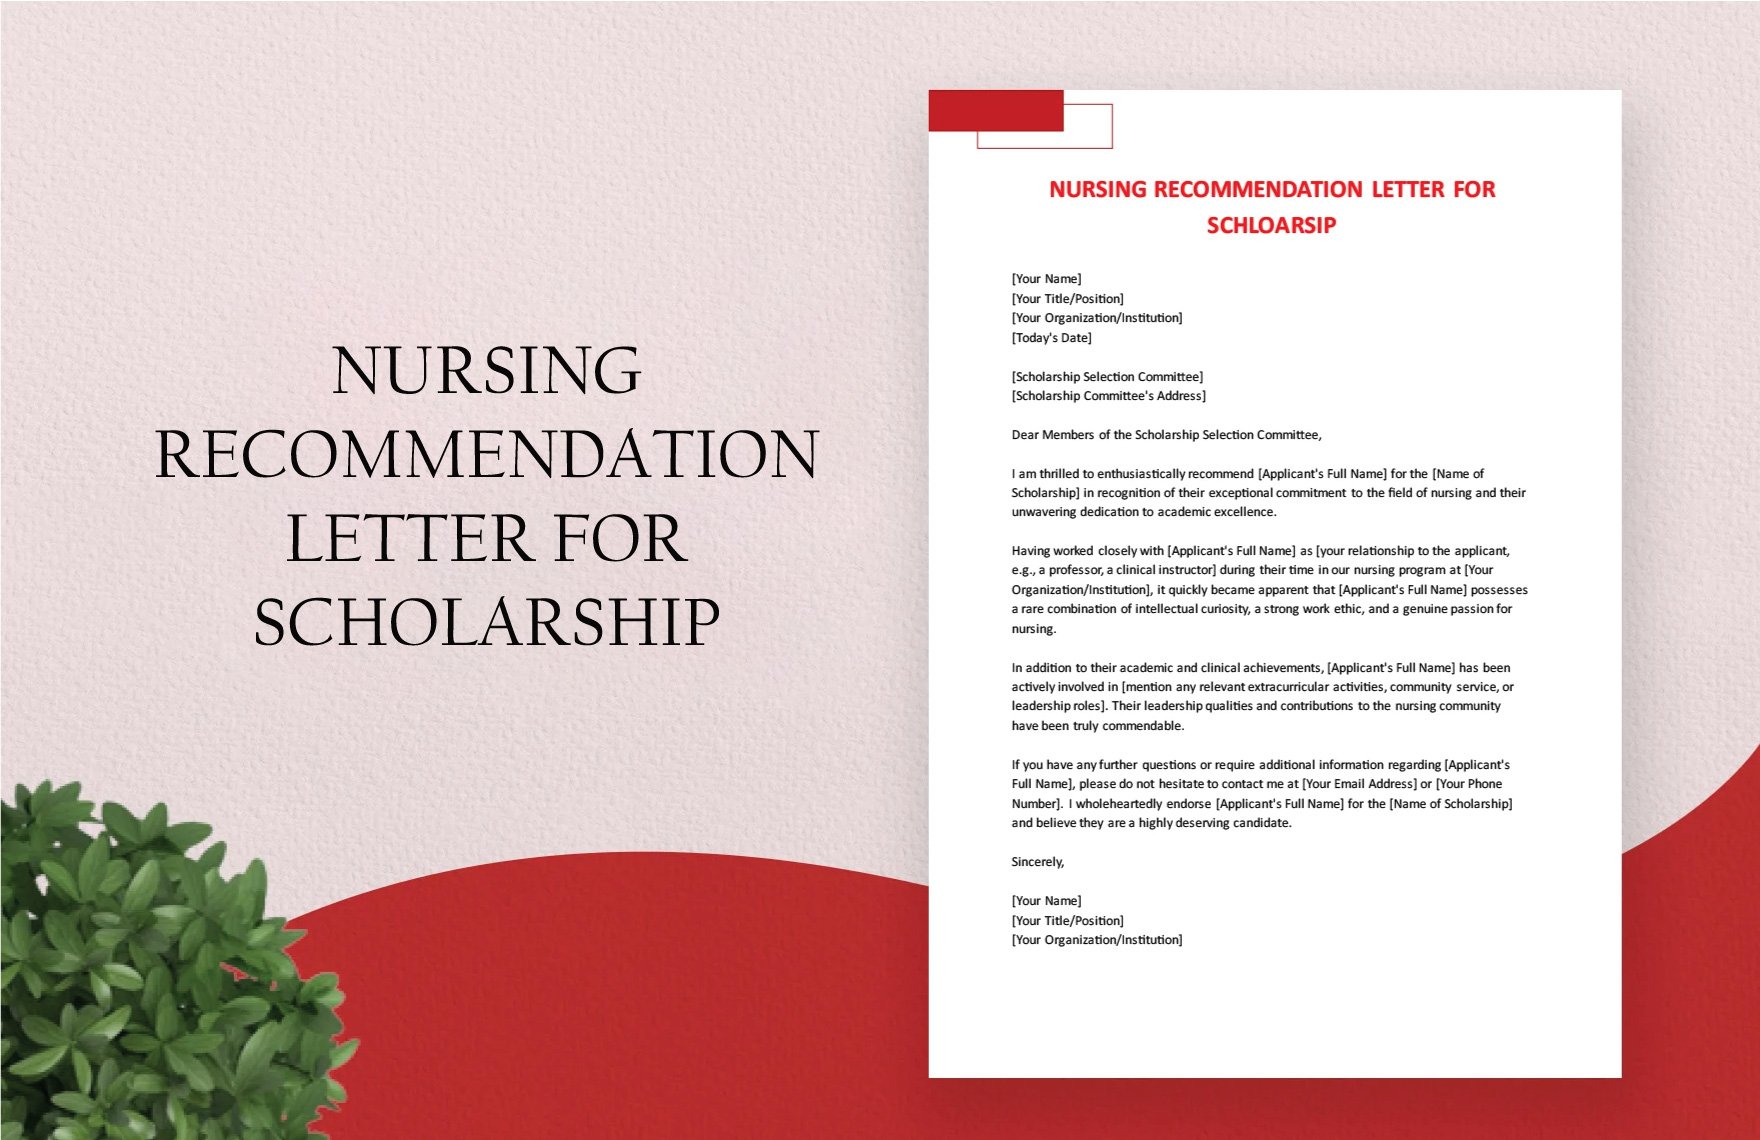 Nursing Recommendation Letter For Scholarship
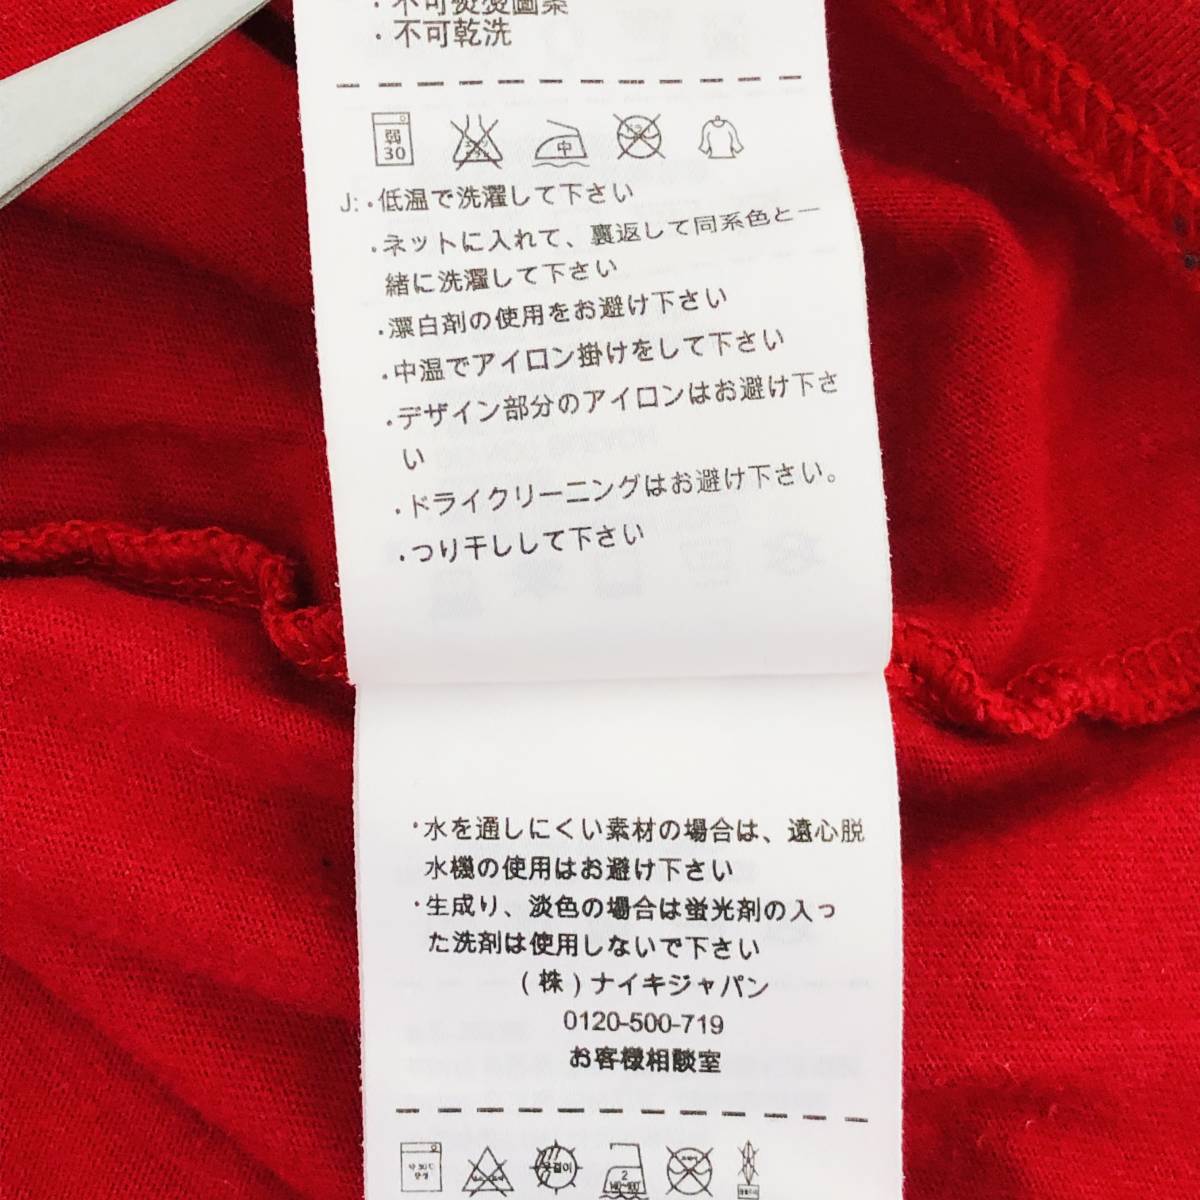 a01119 美品 NIKE ナイキ レディース Tシャツ 半袖 丸首 カジュアル L レッド 赤 ビッグロゴ 綿100% 万能 シンプルデイリーカジュアル_画像10
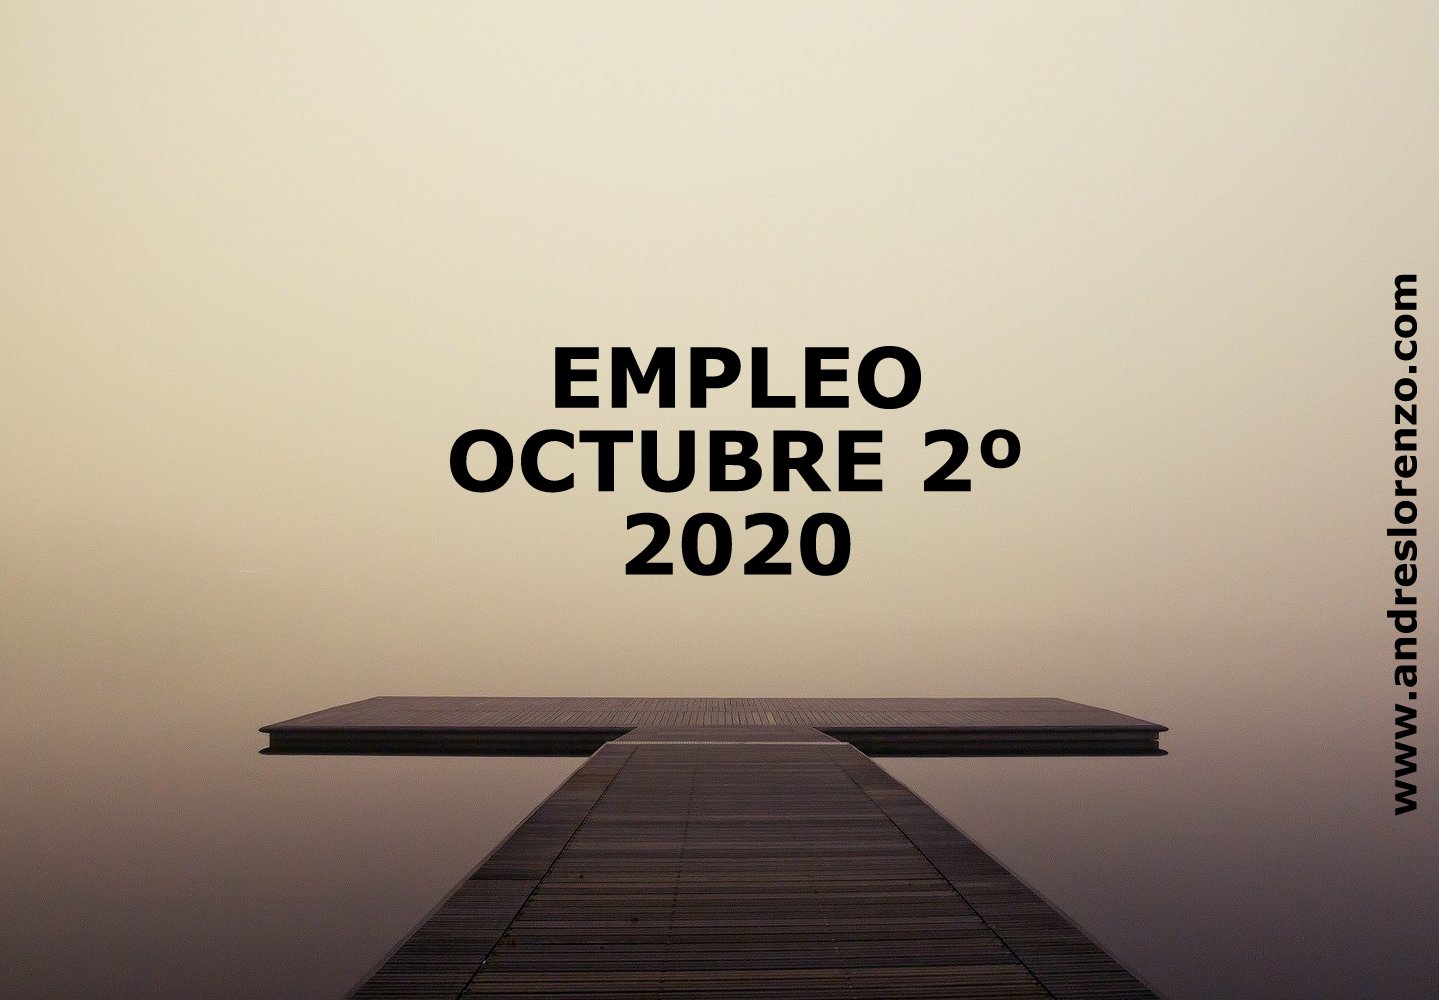 EMPLEO OCTUBRE 2º 2020
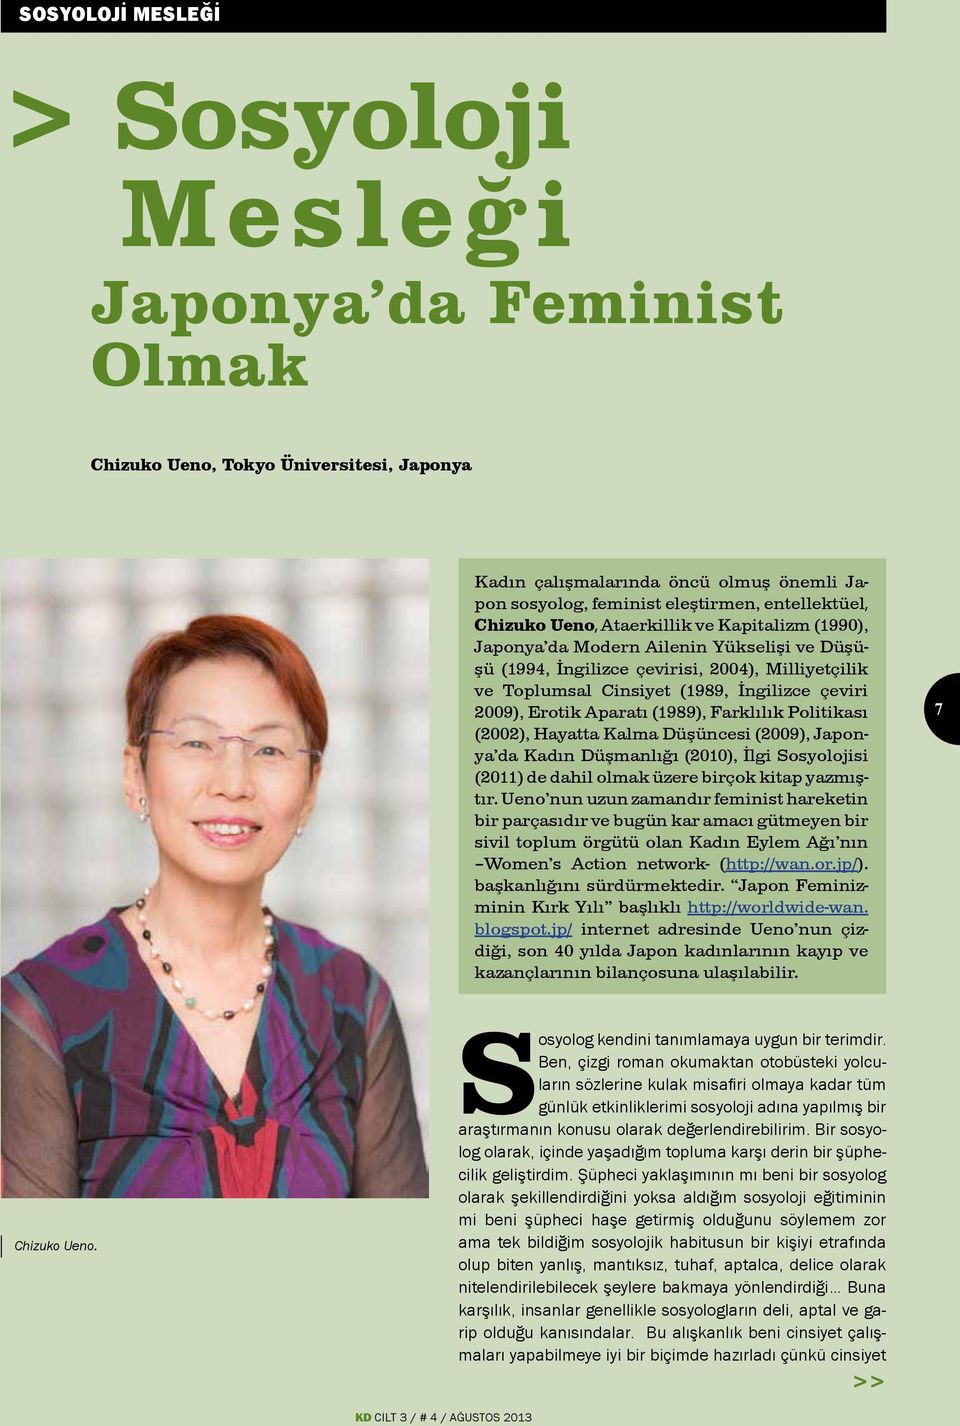 Erotik Aparatı (1989), Farklılık Politikası (2002), Hayatta Kalma Düşüncesi (2009), Japonya da Kadın Düşmanlığı (2010), İlgi Sosyolojisi (2011) de dahil olmak üzere birçok kitap yazmıştır.

§ **Exercise prompt**
The answer should consist solely of the lines from the one containing "a01119 美品 NIKE" through the last line of the material, copied exactly, with pictures left out.

§ **Answer space**
 a01119 美品 NIKE ナイキ レディース Tシャツ 半袖 丸首 カジュアル L レッド 赤 ビッグロゴ 綿100% 万能 シンプルデイリーカジュアル_画像10
 EMPLEO OCTUBRE 2º 2020
 Erotik Aparatı (1989), Farklılık Politikası (2002), Hayatta Kalma Düşüncesi (2009), Japonya da Kadın Düşmanlığı (2010), İlgi Sosyolojisi (2011) de dahil olmak üzere birçok kitap yazmıştır.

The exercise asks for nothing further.